What the exercise asks
Beginning at the line that contains "After the celebrated", transcribe every line up to the last one in the material below. Include no other lines.

Given data
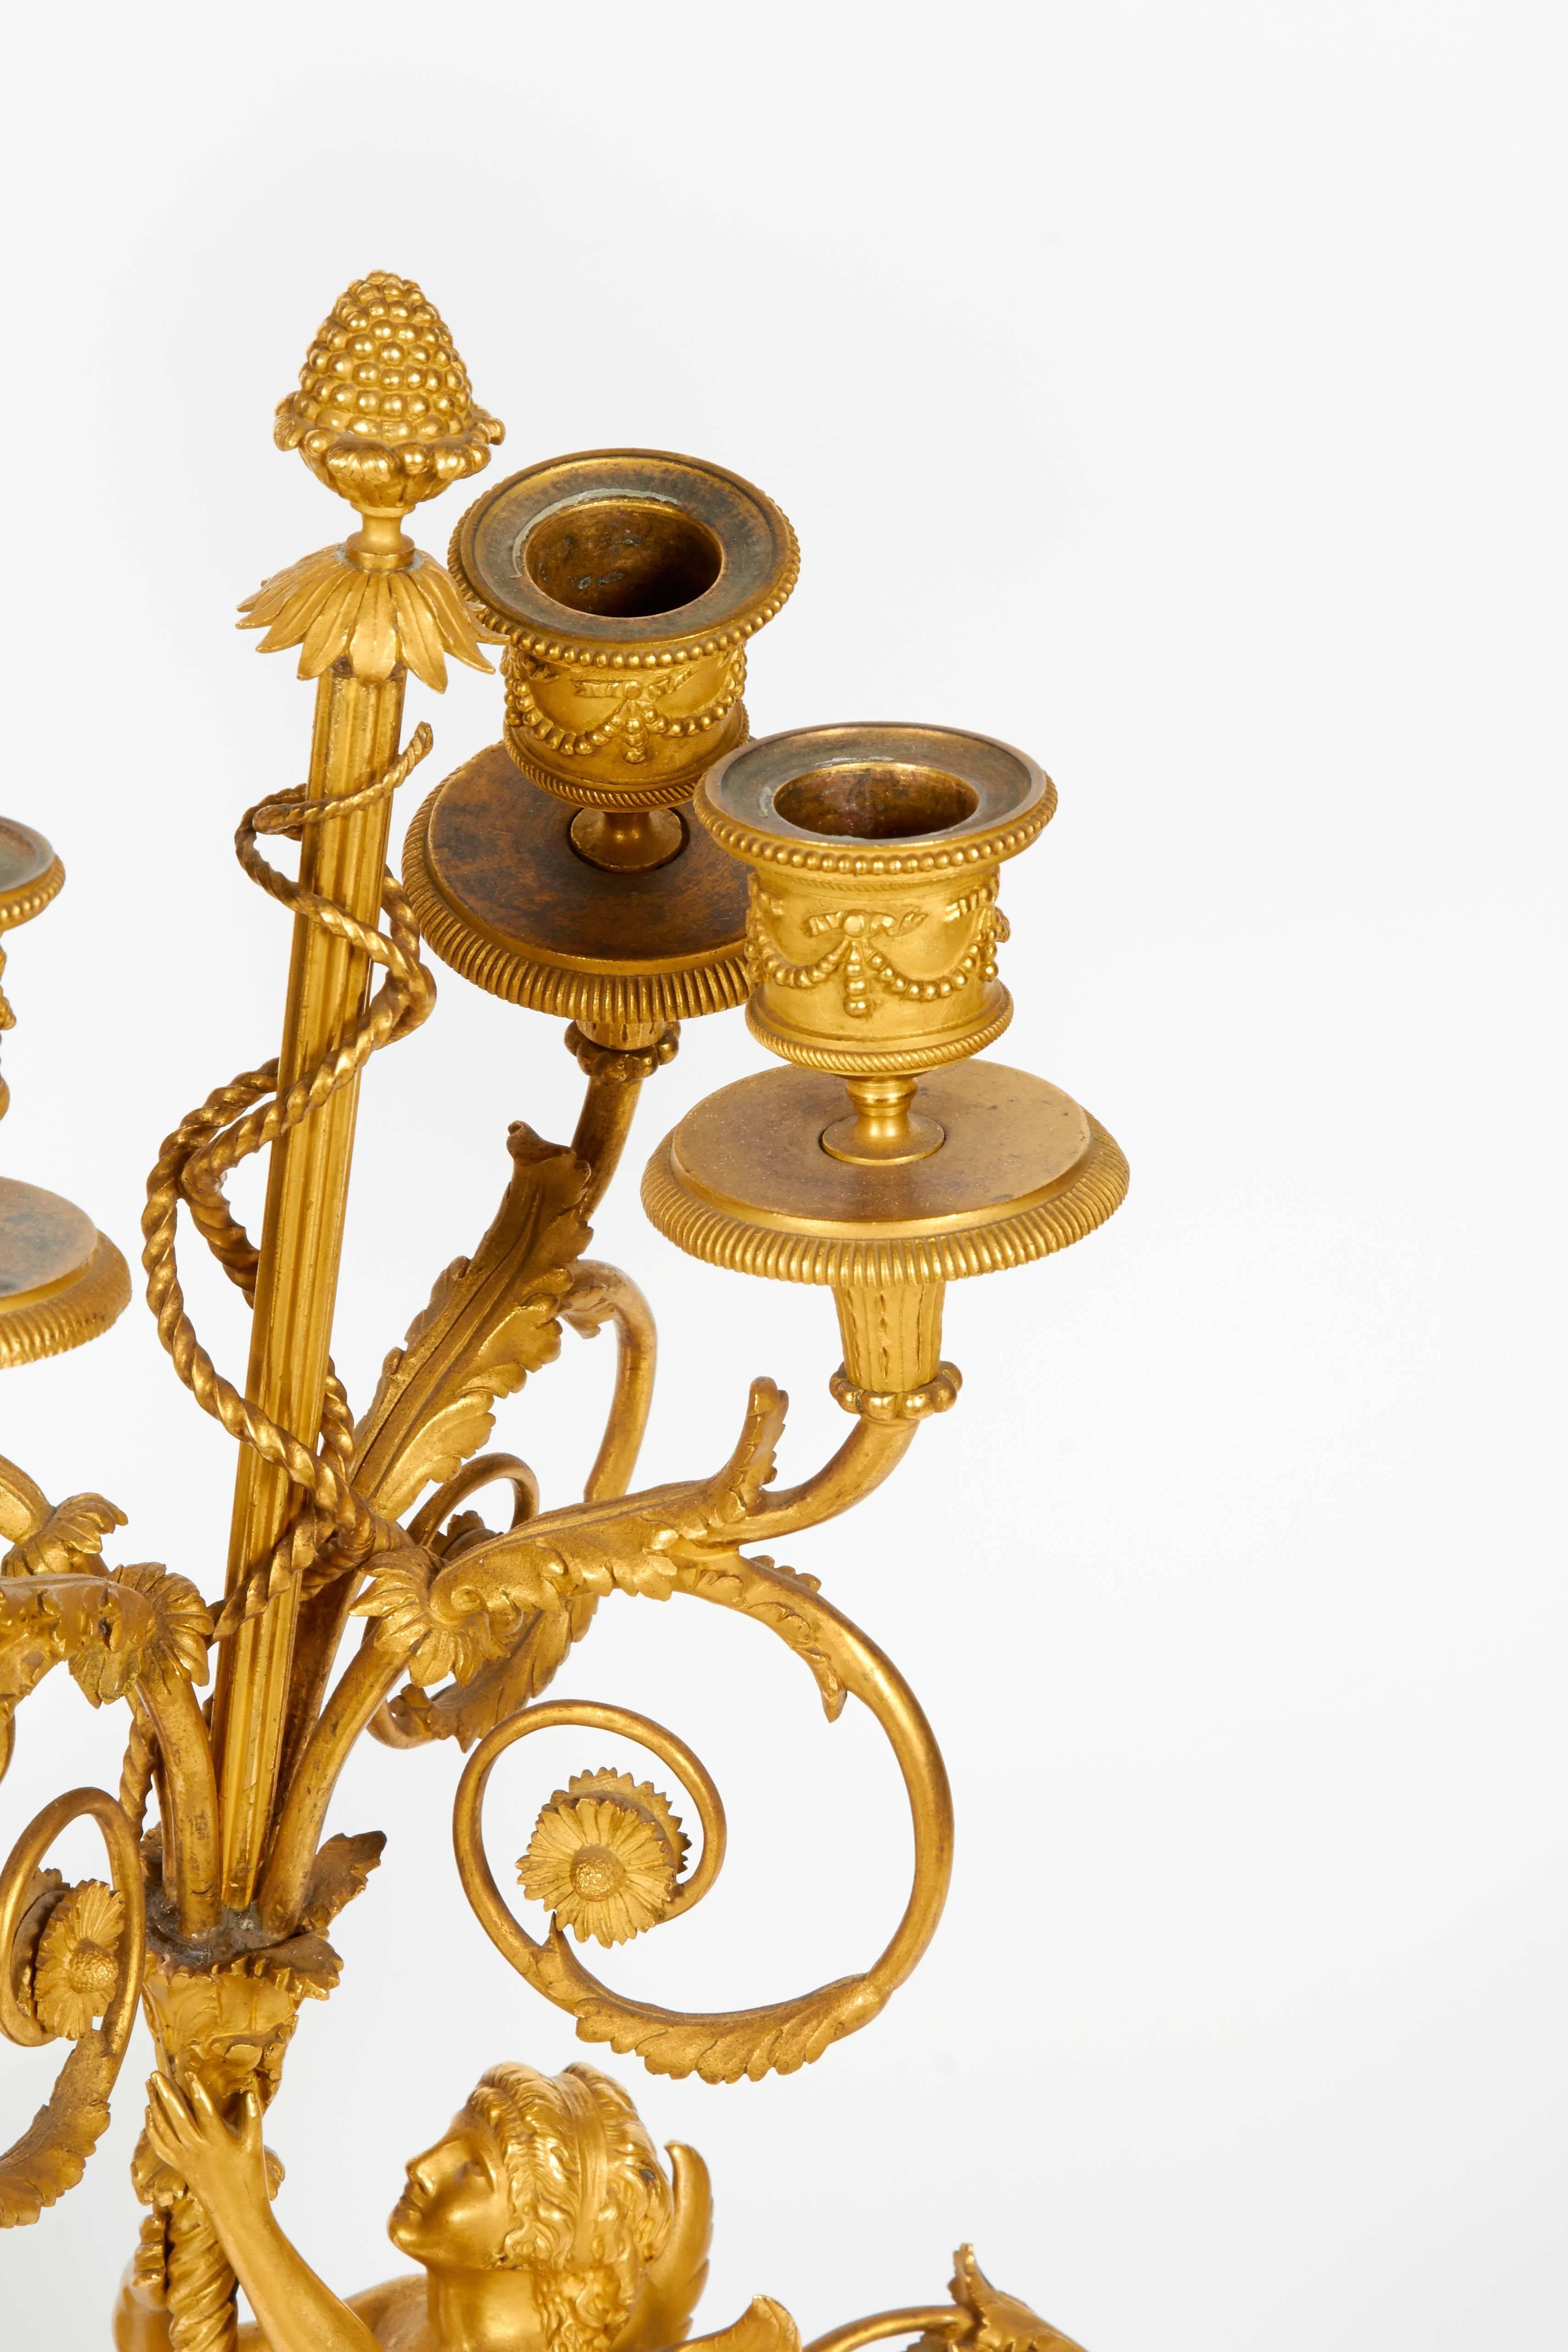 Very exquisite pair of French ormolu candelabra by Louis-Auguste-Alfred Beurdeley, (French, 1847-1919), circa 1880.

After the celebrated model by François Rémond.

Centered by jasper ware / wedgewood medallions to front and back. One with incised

Written solution
After the celebrated model by François Rémond.

Centered by jasper ware / wedgewood medallions to front and back. One with incised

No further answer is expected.